3. The method of claim 1, with a further step of applying the trained deep learning artificial intelligence to registration of landmarks of the first set of MRI images to provide for motion compensation for temporal image sequences.
4. The method of claim 1, with a further step of applying the trained deep learning artificial intelligence to generate reports concerning the first set of MRI images to provide for accelerated report generation using standardized and uniform forms.
5. A method of analyzing a first set of MRI images of cardiac tissue and outputting a report, the method comprising:
a. submitting the first set of MRI images to a trained deep learning artificial intelligence, the trained deep learning artificial intelligence having been trained with a second set of MRI images of cardiac tissue that have been previously rated for known cardiac parameters, disease states, scanner type, and acquisition protocol; and
b. outputting the report from the trained deep learning artificial intelligence on the first set of MRI images comprising cardiac parameters, disease states, scanner type, and acquisition protocol.
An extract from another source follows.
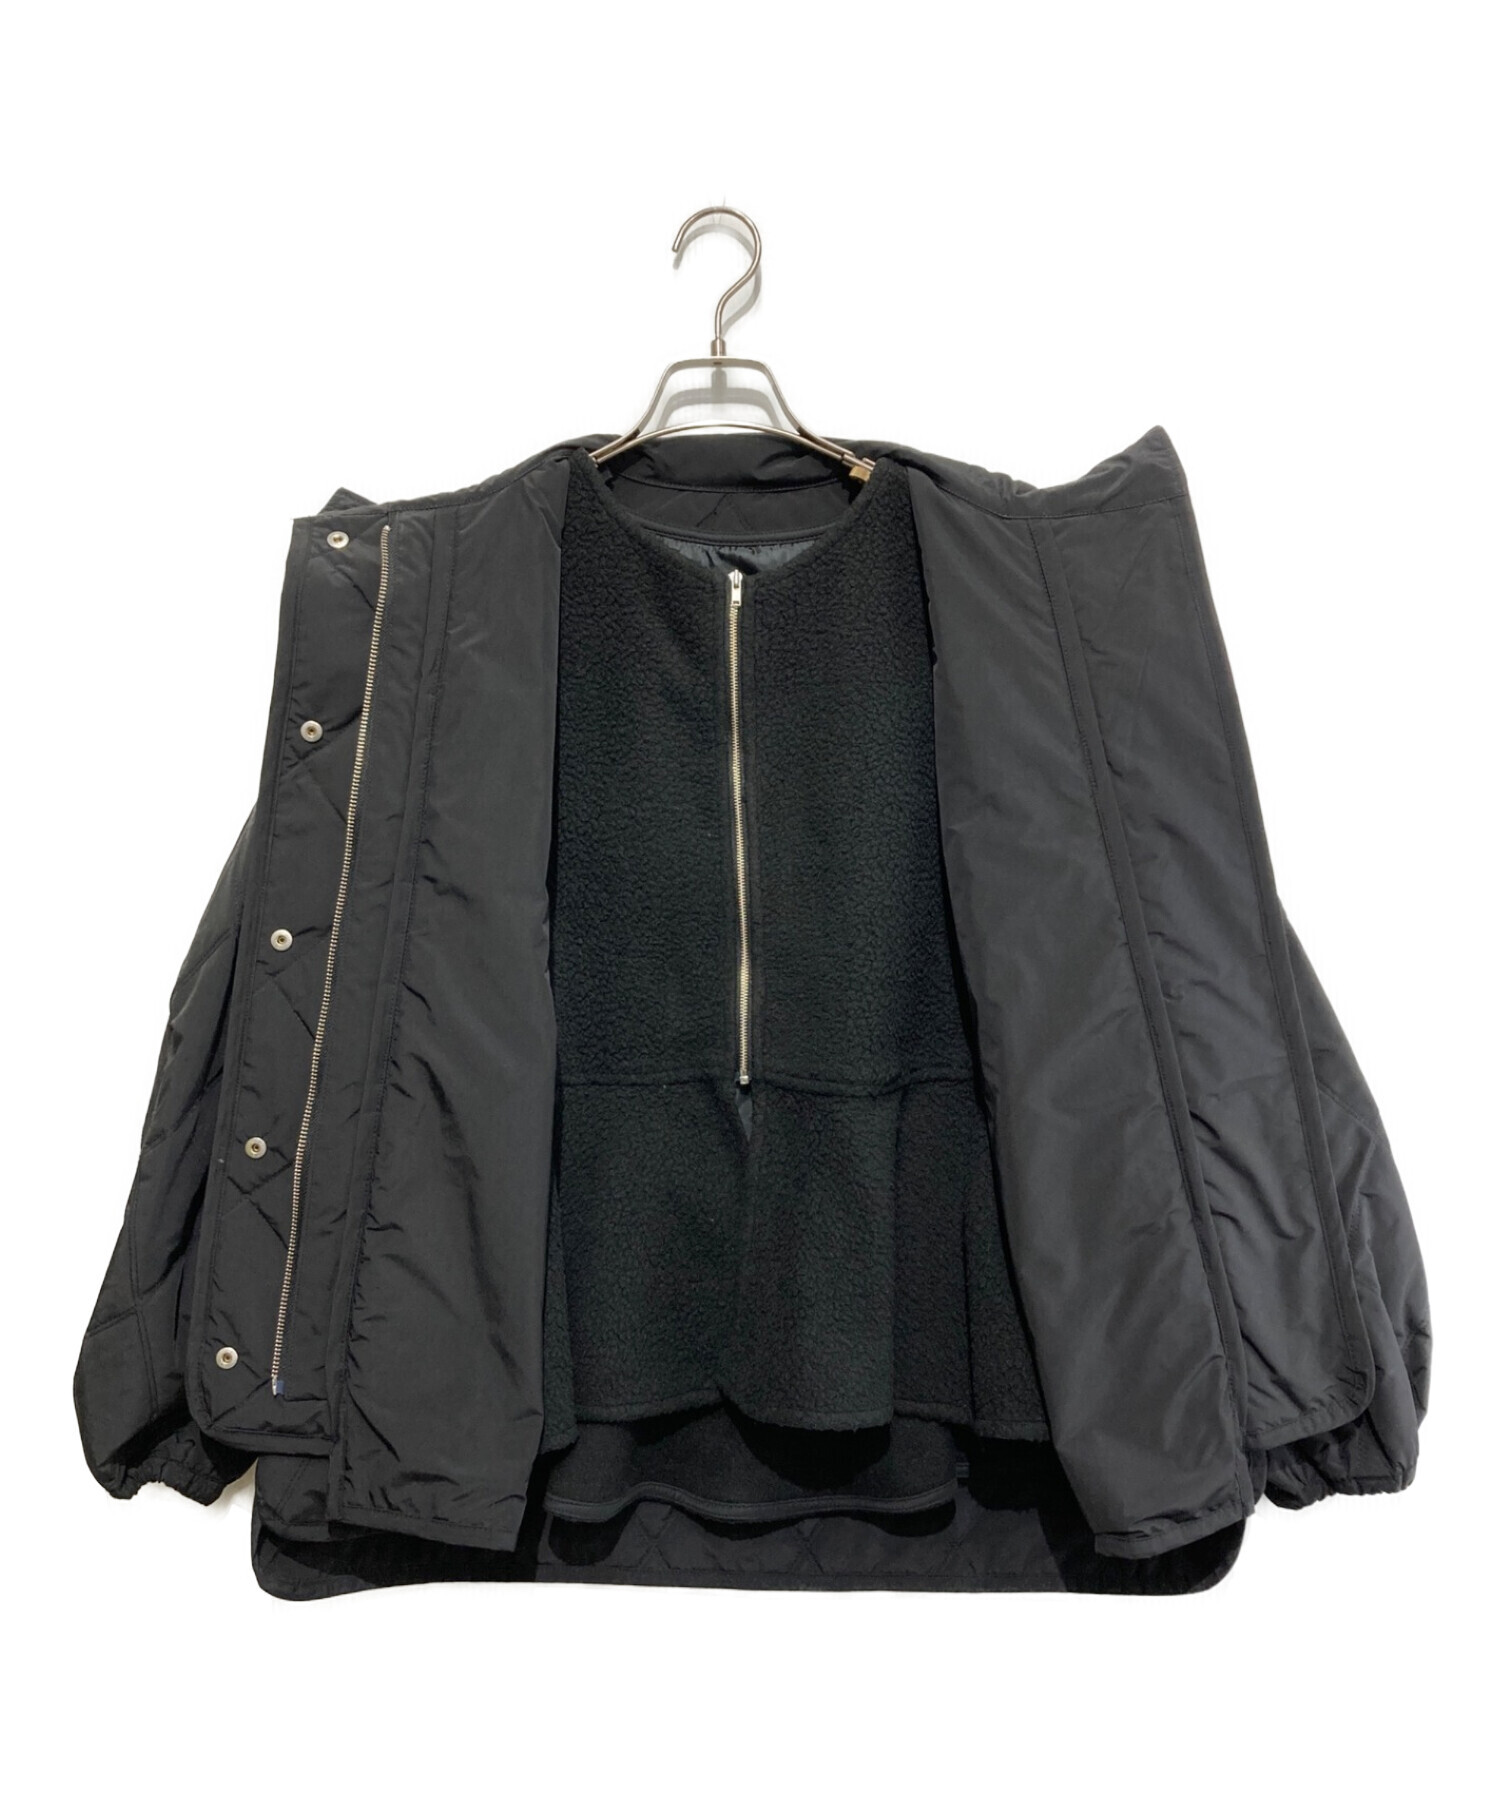 CADUNE (カデュネ) ペプラムベスト付きキルティングコート ブラック サイズ:36

6. The method of claim 5, with a further step of applying the trained deep learning artificial intelligence to reconstruct the first set of MRI images in order to improve them and remove artefacts.
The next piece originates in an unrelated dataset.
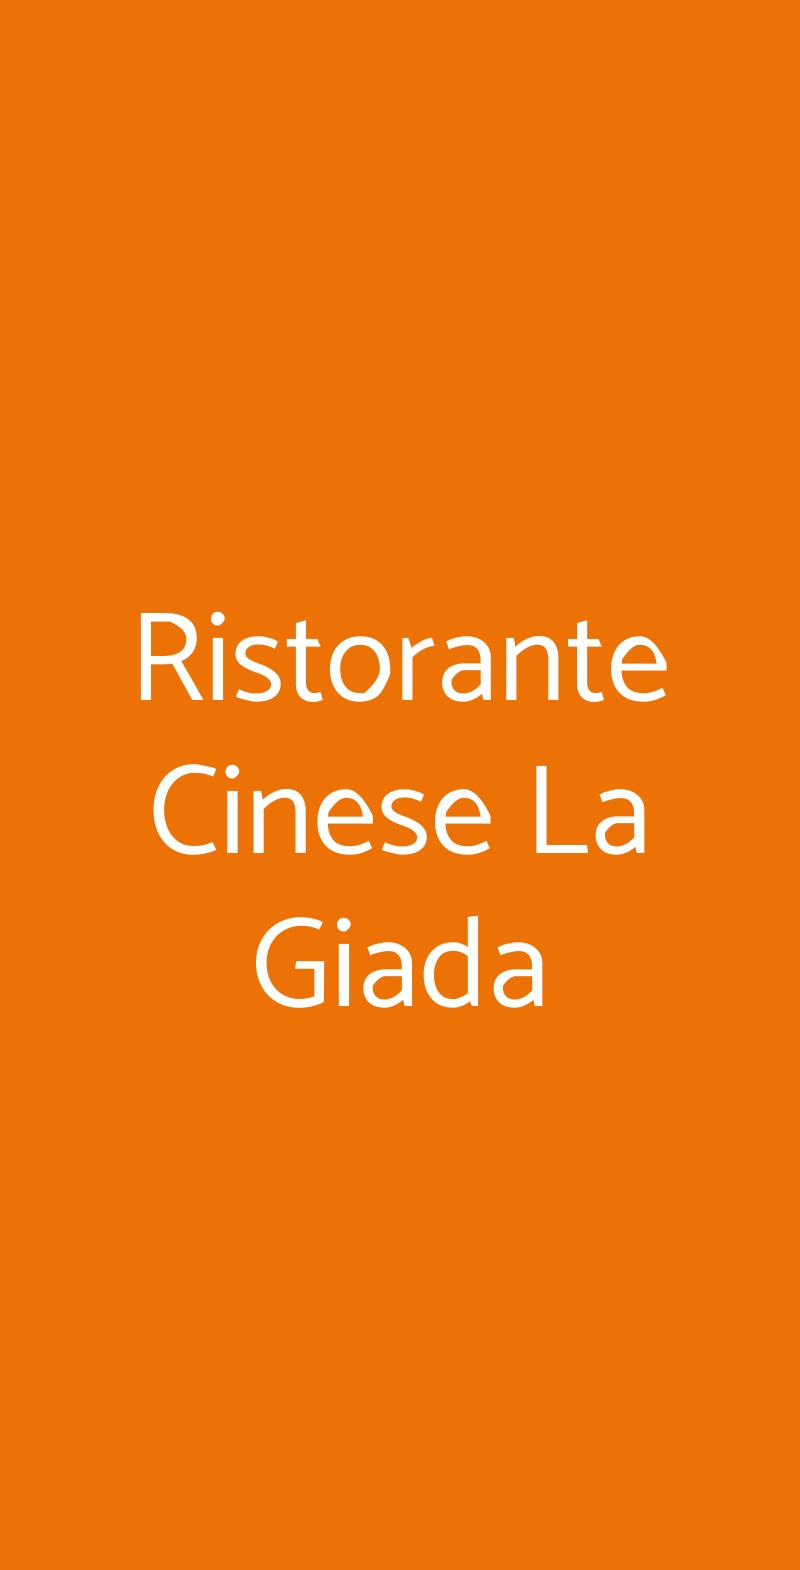 Ristorante Cinese La Giada Trieste menù 1 pagina

7. The method of claim 5, with a further step of applying the trained deep learning artificial intelligence to registration of landmarks of the first set of MRI images to provide for motion compensation for temporal image sequences.
8. The method of claim 5, with a further step of applying the trained deep learning artificial intelligence to generate reports concerning the first set of MRI images to provide for accelerated report generation using standardized and uniform forms.
9. A method of generating a report on a first set of MRI images of cardiac tissue, the method comprising:
a. submitting the first set of MRI images to a trained deep learning artificial intelligence, the trained deep learning artificial intelligence having been trained with a second set of MRI images of cardiac tissue that have been previously rated for known cardiac parameters, disease states, scanner type, and acquisition protocol;
b. outputting the report from the trained deep learning artificial intelligence on the first set of MRI images comprising cardiac parameters, disease states, scanner type, and acquisition protocol.
10. The method of claim 9, with a further step of applying the trained deep learning artificial intelligence to reconstruct the first set of MRI images in order to improve them and remove artefacts.
11. The method of claim 9, with a further step of applying the trained deep learning artificial intelligence to registration of landmarks of the first set of MRI images to provide for motion compensation for temporal image sequences.
12. The method of claim 9, with a further step of applying the trained deep learning artificial intelligence to generate reports concerning the first set of MRI images to provide for accelerated report generation using standardized and uniform forms.